**BRIEF:** In the material below, find the line containing "サイズ : 18x15cm)" and output it and all lines after it exactly, through the last one, without the pictures.
DATA SEGMENT Start Marker
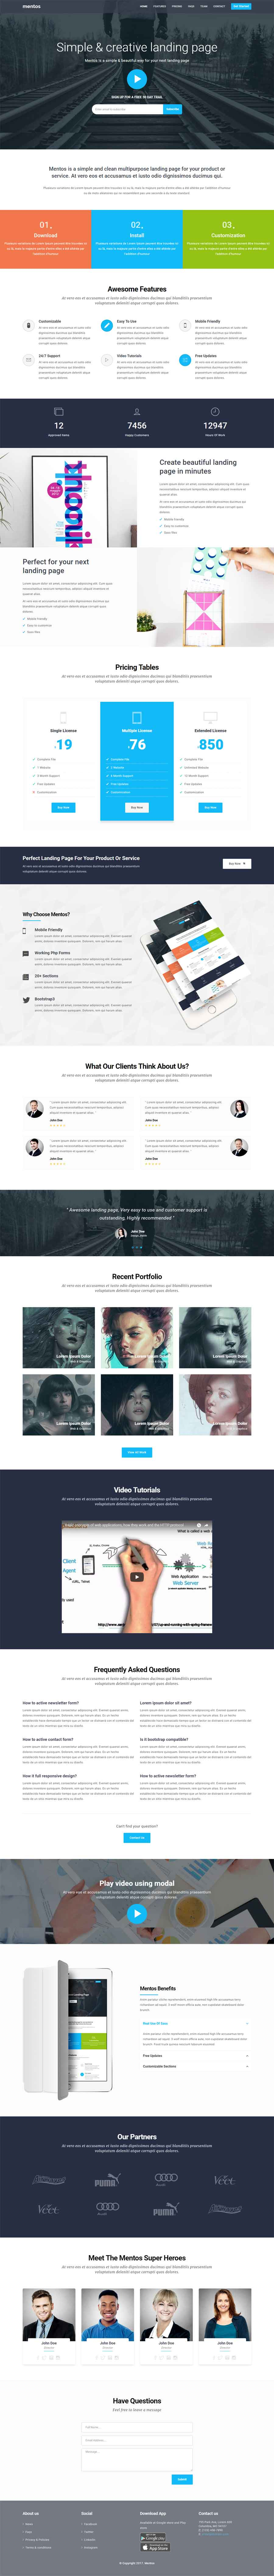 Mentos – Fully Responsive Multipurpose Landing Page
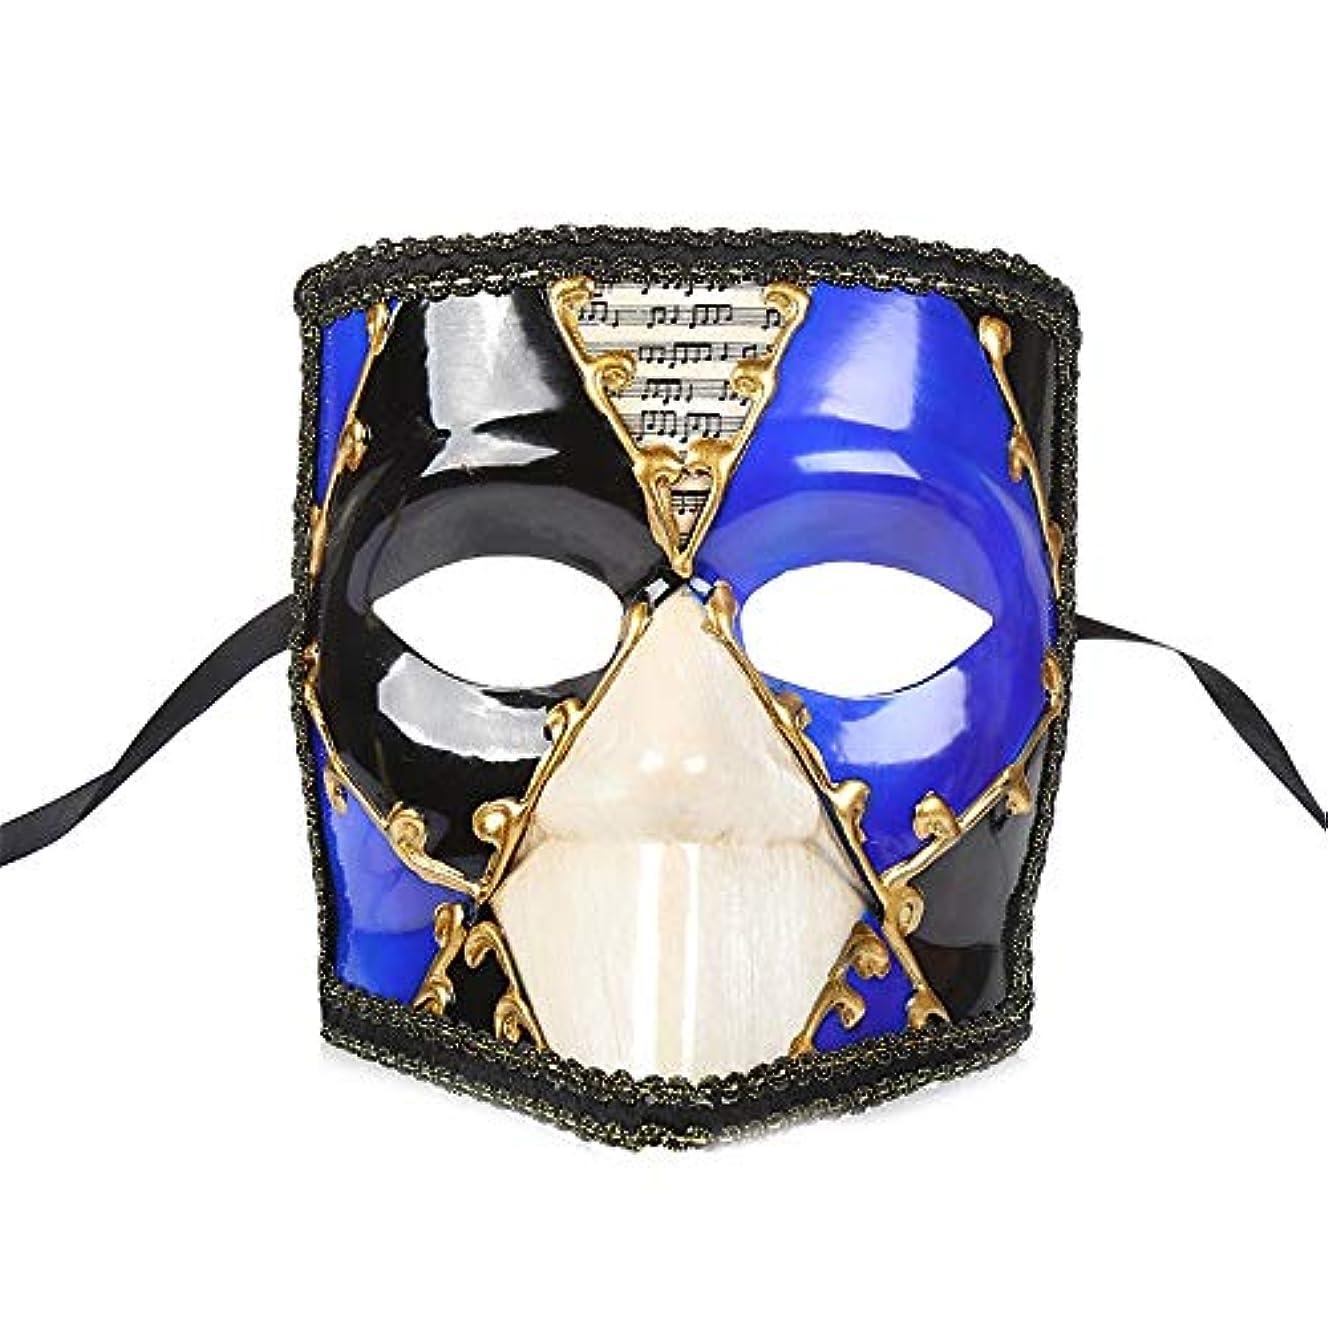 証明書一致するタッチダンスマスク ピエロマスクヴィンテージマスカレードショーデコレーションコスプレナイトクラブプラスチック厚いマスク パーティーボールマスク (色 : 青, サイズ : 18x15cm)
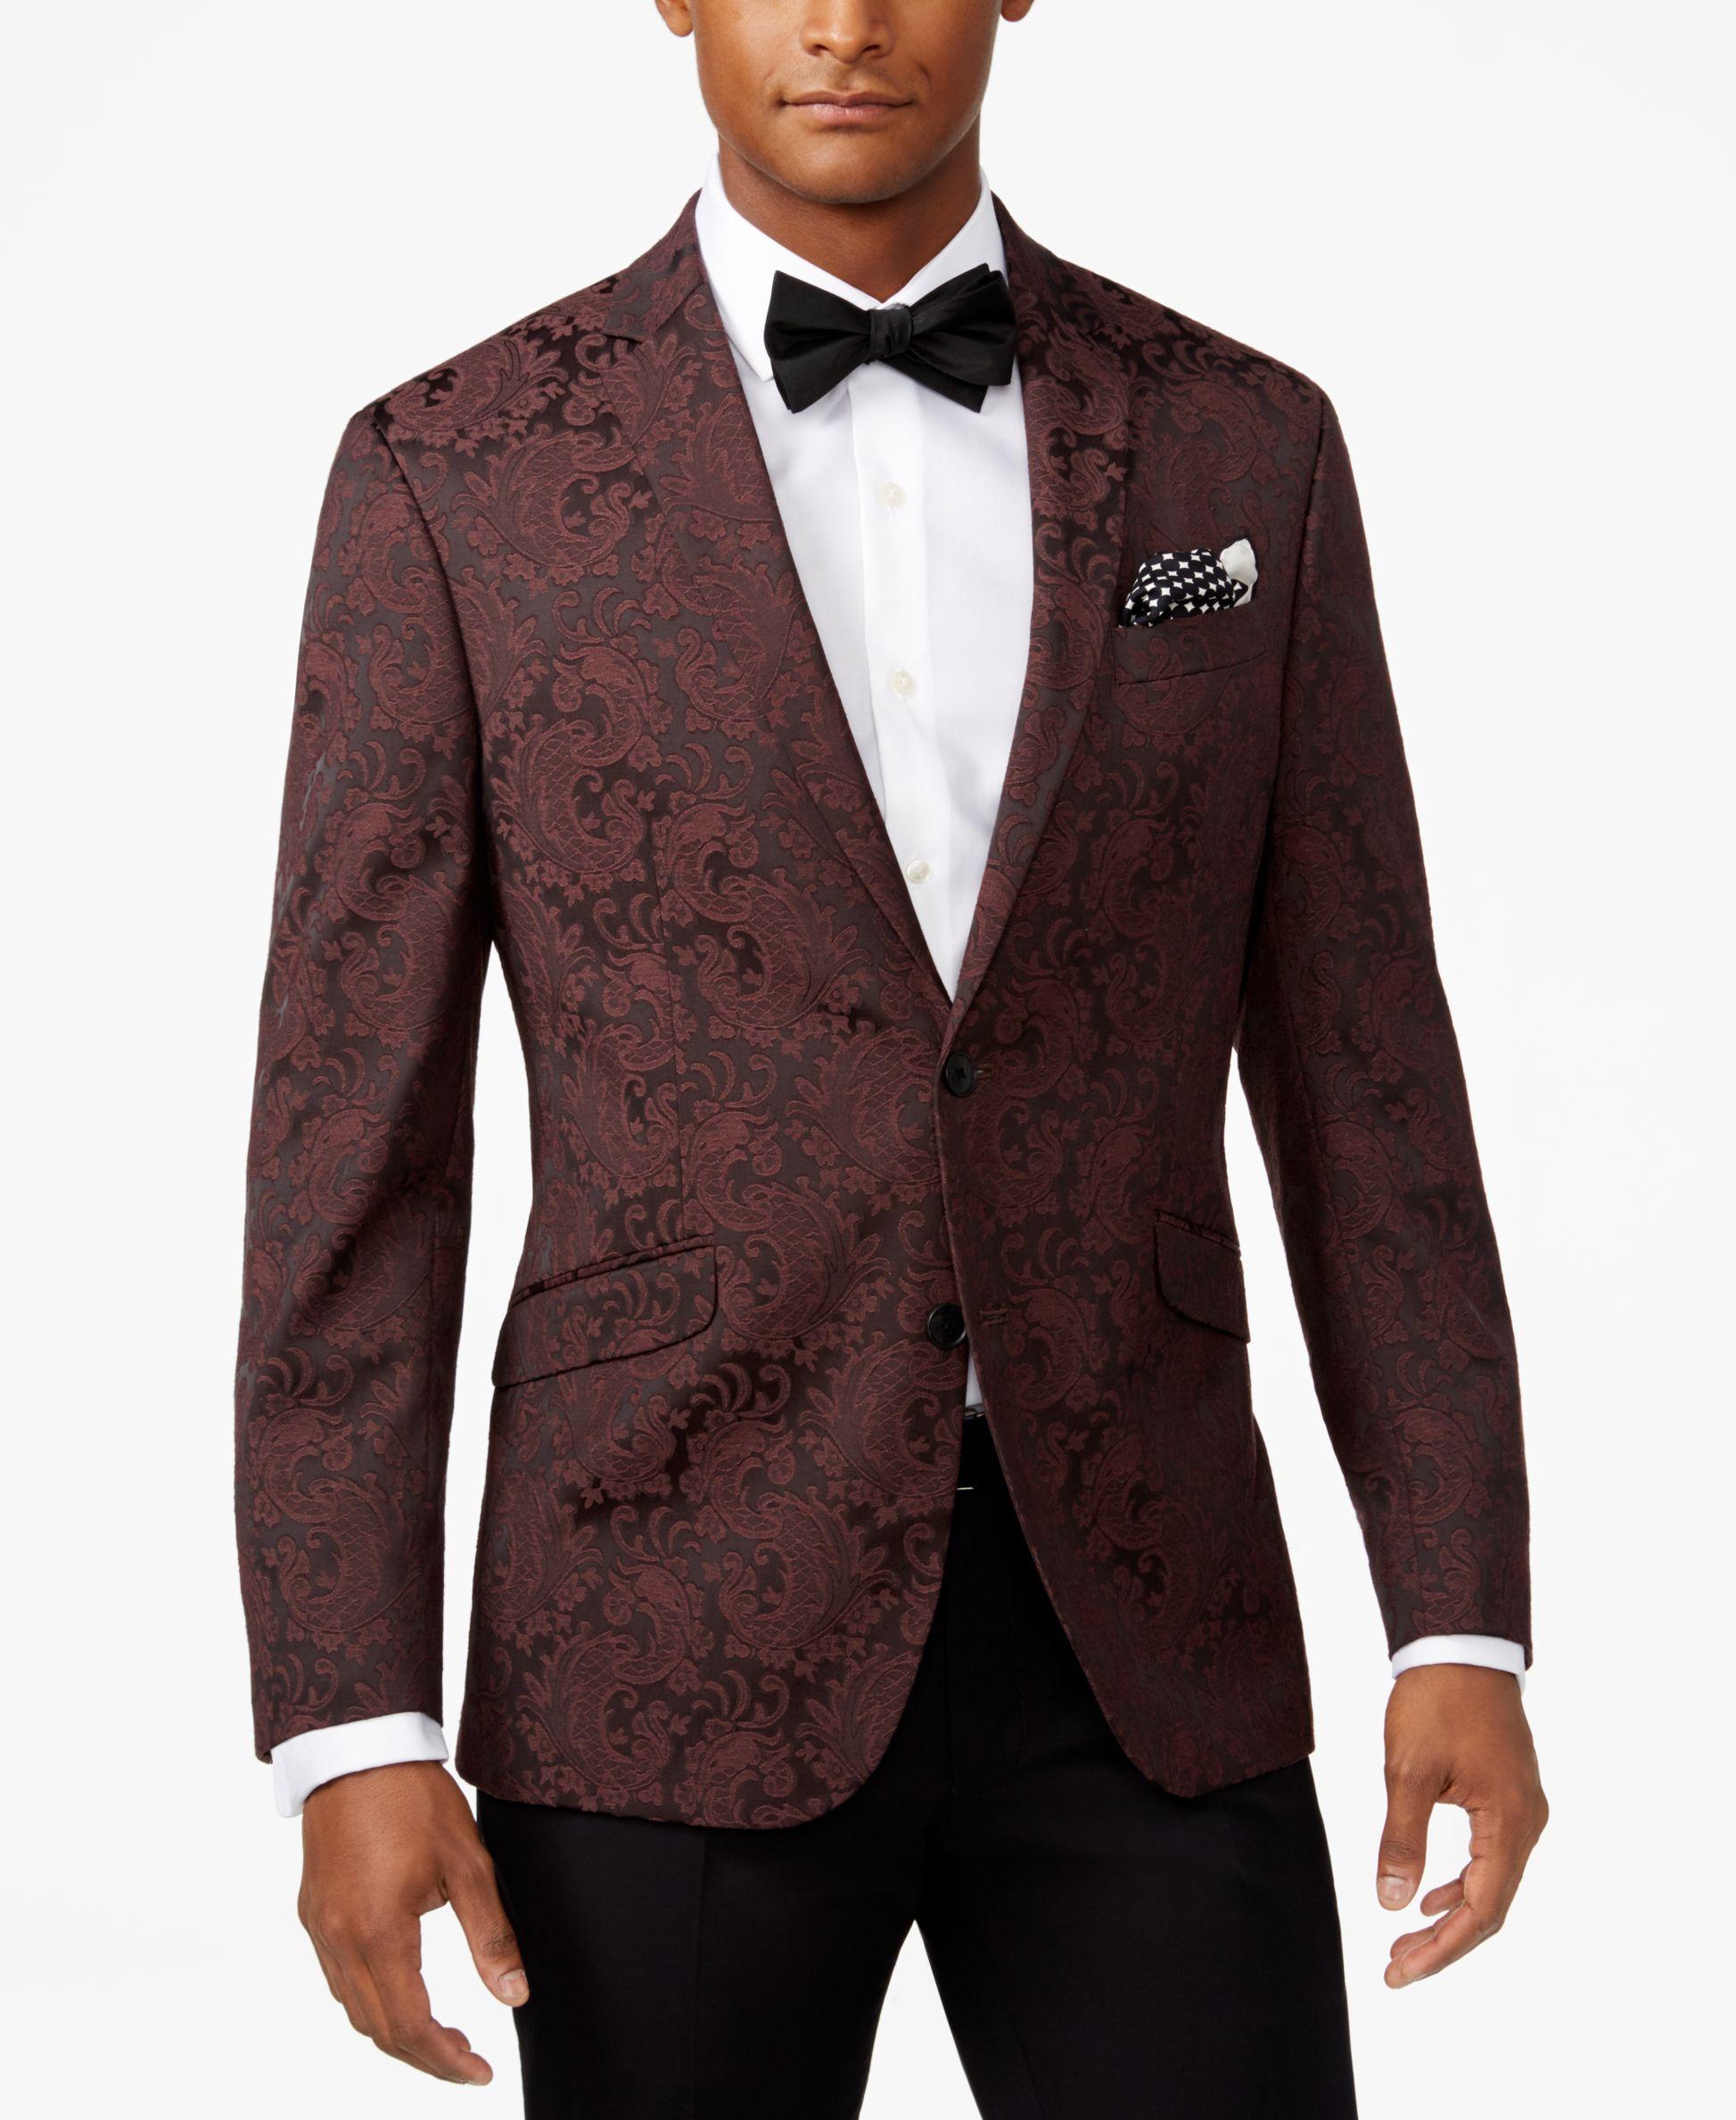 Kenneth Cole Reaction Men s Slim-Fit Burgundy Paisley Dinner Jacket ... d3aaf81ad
DATA SEGMENT End Marker
**WRITTEN REPLY:**
 証明書一致するタッチダンスマスク ピエロマスクヴィンテージマスカレードショーデコレーションコスプレナイトクラブプラスチック厚いマスク パーティーボールマスク (色 : 青, サイズ : 18x15cm)
 Kenneth Cole Reaction Men s Slim-Fit Burgundy Paisley Dinner Jacket ... d3aaf81ad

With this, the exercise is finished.